From the August 01, 2012 issue of Life Insurance Selling • Subscribe!

How to be mentored

These tips will help you get the most out of a mentoring relationship, which will take your sales to the next level.

Talking to perennial MDRT qualifiers, Court and Top of the Table producers, and company leaders, the issue that ranks first for improving a producer’s production is learning from those who know the industry.

The more senior producers among us can recall the days of training assistants, unit managers, general managers or general agents, who helped with goal setting, prospecting, case preparation and the art of the sale. Today, there is no such support system for the many independent agents already in life insurance sales as well as those just coming into the business.

Today, mentors or coaches can help overcome the paucity of company-sponsored training that guided so many producers in the past. If you’re a young producer looking for a mentor, be sure to keep these tips in mind.

Share a commitment to a goal

Whether it’s time management and organizational skills, making more money through improved sales efforts, or wanting to be able to spend more time with the family, producers need to be accountable to someone who understands what they’re going through, who has been there and done that.

This is the mentor — someone who understands individual career goals and is effective in giving direction and providing motivation that will help producers achieve the results they want in their careers.

Be honest with your mentor

It is difficult, if not impossible, to be a specialist in every aspect of the life insurance business. Yet, there are producers who let their egos create a barrier to further success by not asking for help in areas where they’re lacking in either knowledge or confidence — or sometimes both.

If you need help with daytime activity in the business market or obtaining more client referrals, say so. Creating a partnership with a person who is resourceful and can offer tips to improve efficiency can move a producer ahead faster.

Welcome constructive criticism

A mentor tries to give his or her best advice based on an understanding of a producer’s goals and modus operandi. It’s not necessary to agree with every suggestion, but it’s important to vocalize any reservations in a way that creates further discussion. It’s possible for a mentor to misunderstand something. While mentors should serve as sounding boards, it’s important that they be involved in a meaningful two-way dialogue. The mentor needs to be sufficiently flexible to change or tailor an approach that makes the producer comfortable. Mentoring should be an opportunity for the mentor to learn, too.

Be open to joint field activity

Joint fieldwork is the heart of mentoring. It’s in real life sales situations where producers discover whether or not their sales approach and presentations are working.

Going back to the office and dissecting why it went right or wrong is after the fact. But seeing a mentor handle a sales call allows a producer to see firsthand the skills, strategies and techniques that may be worth emulating.

Someone once said that the life insurance business is the hardest way to make $30,000 per year and the easiest way to make more than $100,000 per year.
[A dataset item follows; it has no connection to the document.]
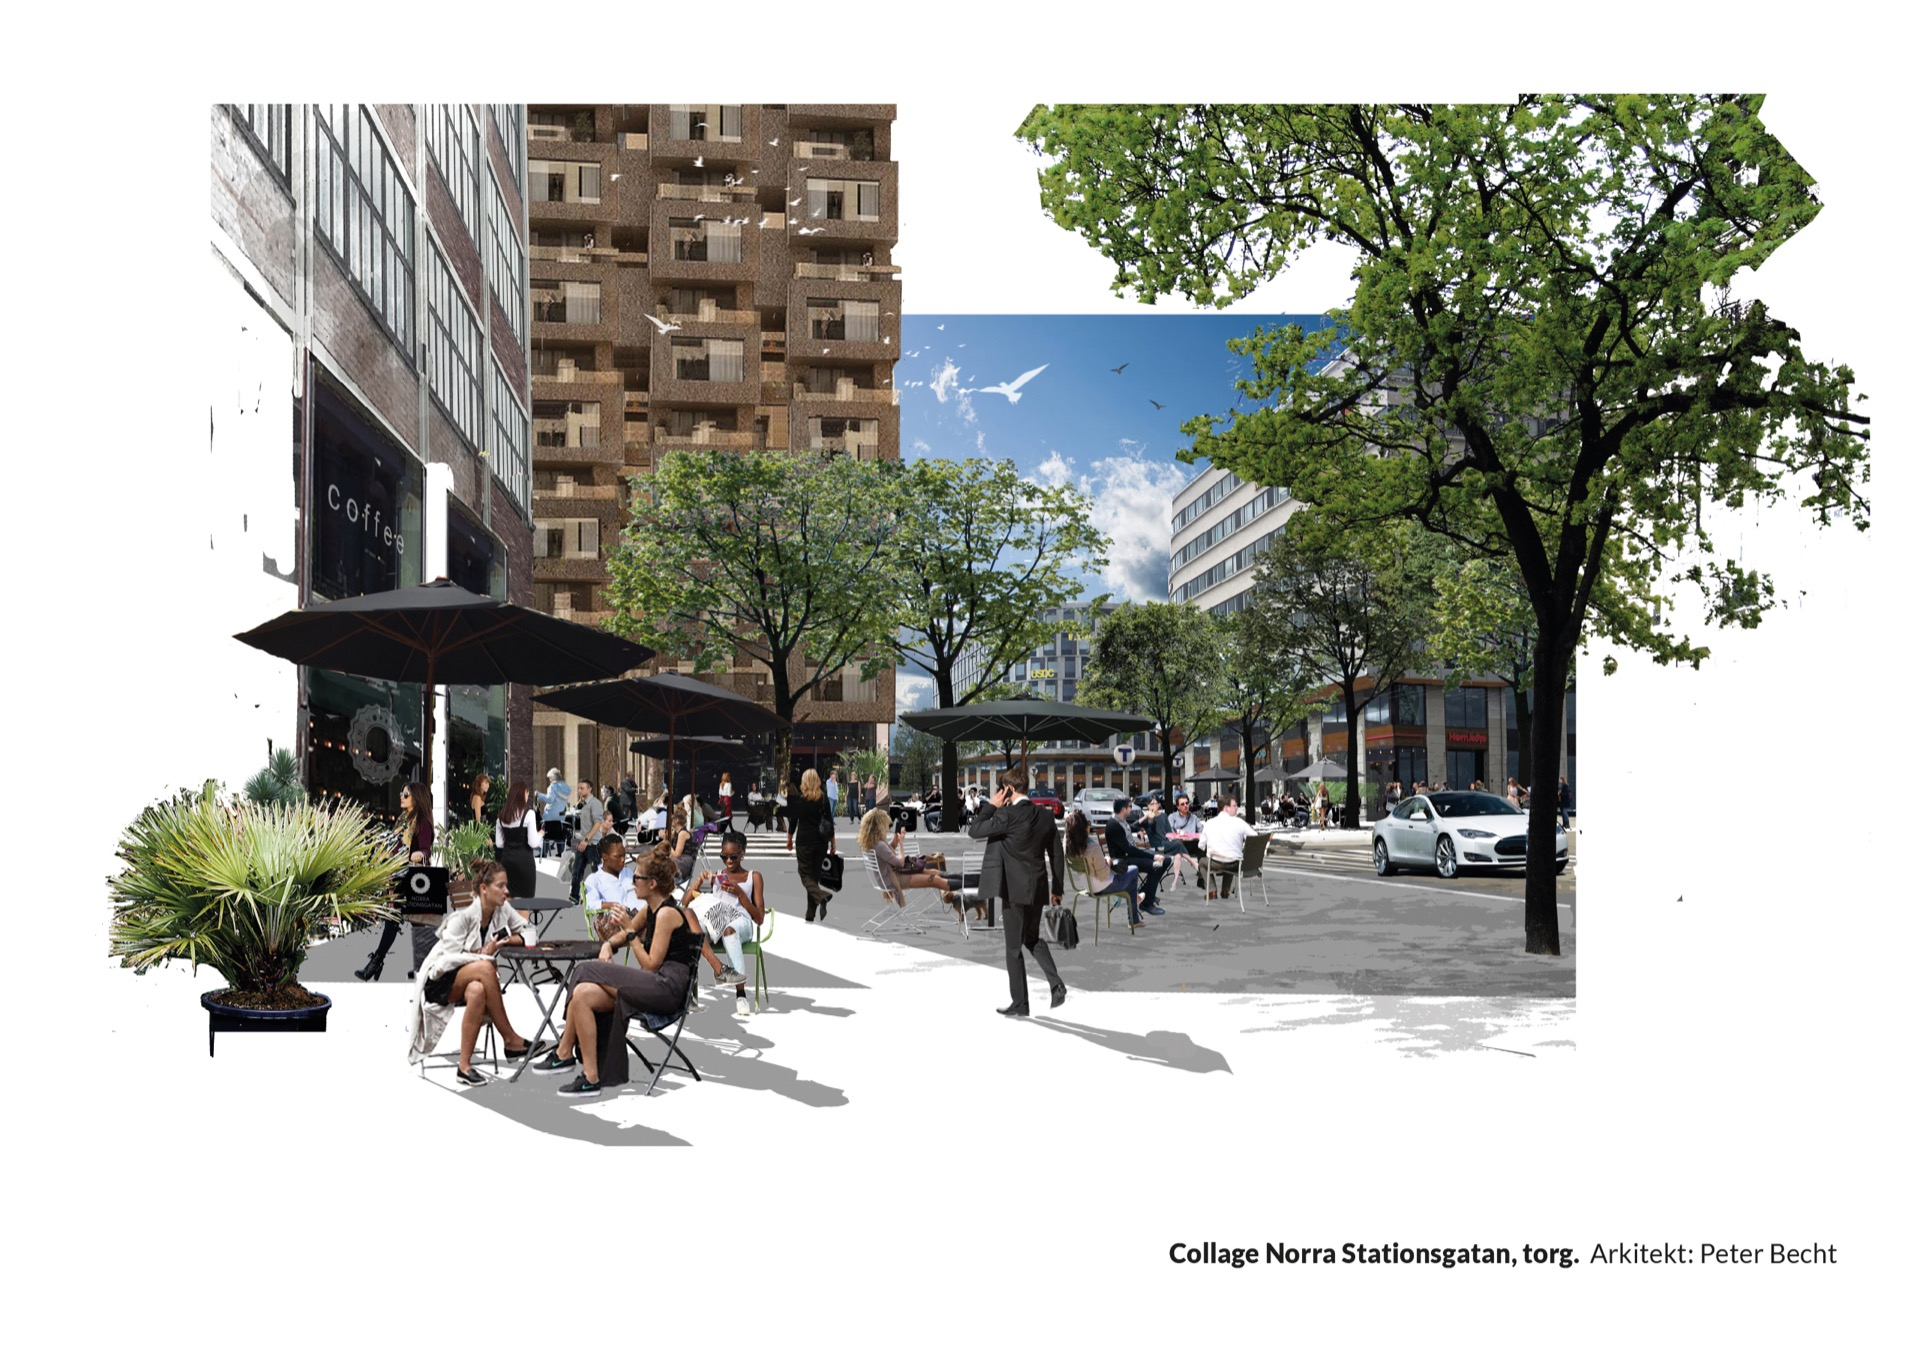 Collage Norra Stationsgatan, torg. Arkitekt: Peter Becht

With a mentor on your side, it’s the easiest.

Make sure your mentor has the right tools

Producers come in many “sizes.” There are personal insurance specialists, business and advanced markets producers and investment professionals. Each has a niche market that requires tools specific to that business. For a mentor to be effective, the individual must have access to sources that can further your career.

I’ve mentored producers who strictly used a yellow pad when it came to a fact-finding interview. Today, others are gathering the same information with an iPad. Yet, either can cause problems if the right information isn’t sought. When reviewing the questions one producer asked and the answers he received, it was clear that he had missed vital information and needed to go back to the prospect. This not only causes a delay, but some embarrassment, as well.

After introducing a more carefully structured personal and business fact-finder, the situation changed — dramatically. The same producer’s premiums increased by at least 20% over the previous method, and he became a believer in the idea that preparation leads to perfection.

Another producer had skills in advanced markets but lacked competence with deferred compensation cases. He walked by these cases so as not to embarrass himself with prospects. During our bi-weekly meetings, I learned this and asked a deferred compensation expert to meet with us. Building the producer’s skills enabled him to ask the right questions.

Then, the expert joined him on a sales call, and together, they closed a $75,000 premium on his first case. Having resources available for education and joint field work helped this producer gain the confidence needed when working in advanced markets.

Find the right mentor

Because so much is at stake, finding a mentor isn’t easy. Mentors must be experienced professionals who possess a giving attitude and who will embrace the opportunity to help producers achieve their individual goals. They must also have the skills and style the mentee wants to emulate.

While mentors can’t be available 24 hours a day, they should be people who will spend the time to help producers think tactically and strategically. The tactical is point of sale, and the strategic is the overall direction for reaching their goals.

Mentors should have a plan to help producers become the type of advisors the public will want to do business with. It’s not just the ability to understand and explain products and selling techniques that makes a mentor; it’s also giving you a day-to-day road map to accomplish most or all of what you have to do to be successful.

A good mentor isn’t someone who just wants to team up to do joint sales calls, and it isn’t an advisor with little available time.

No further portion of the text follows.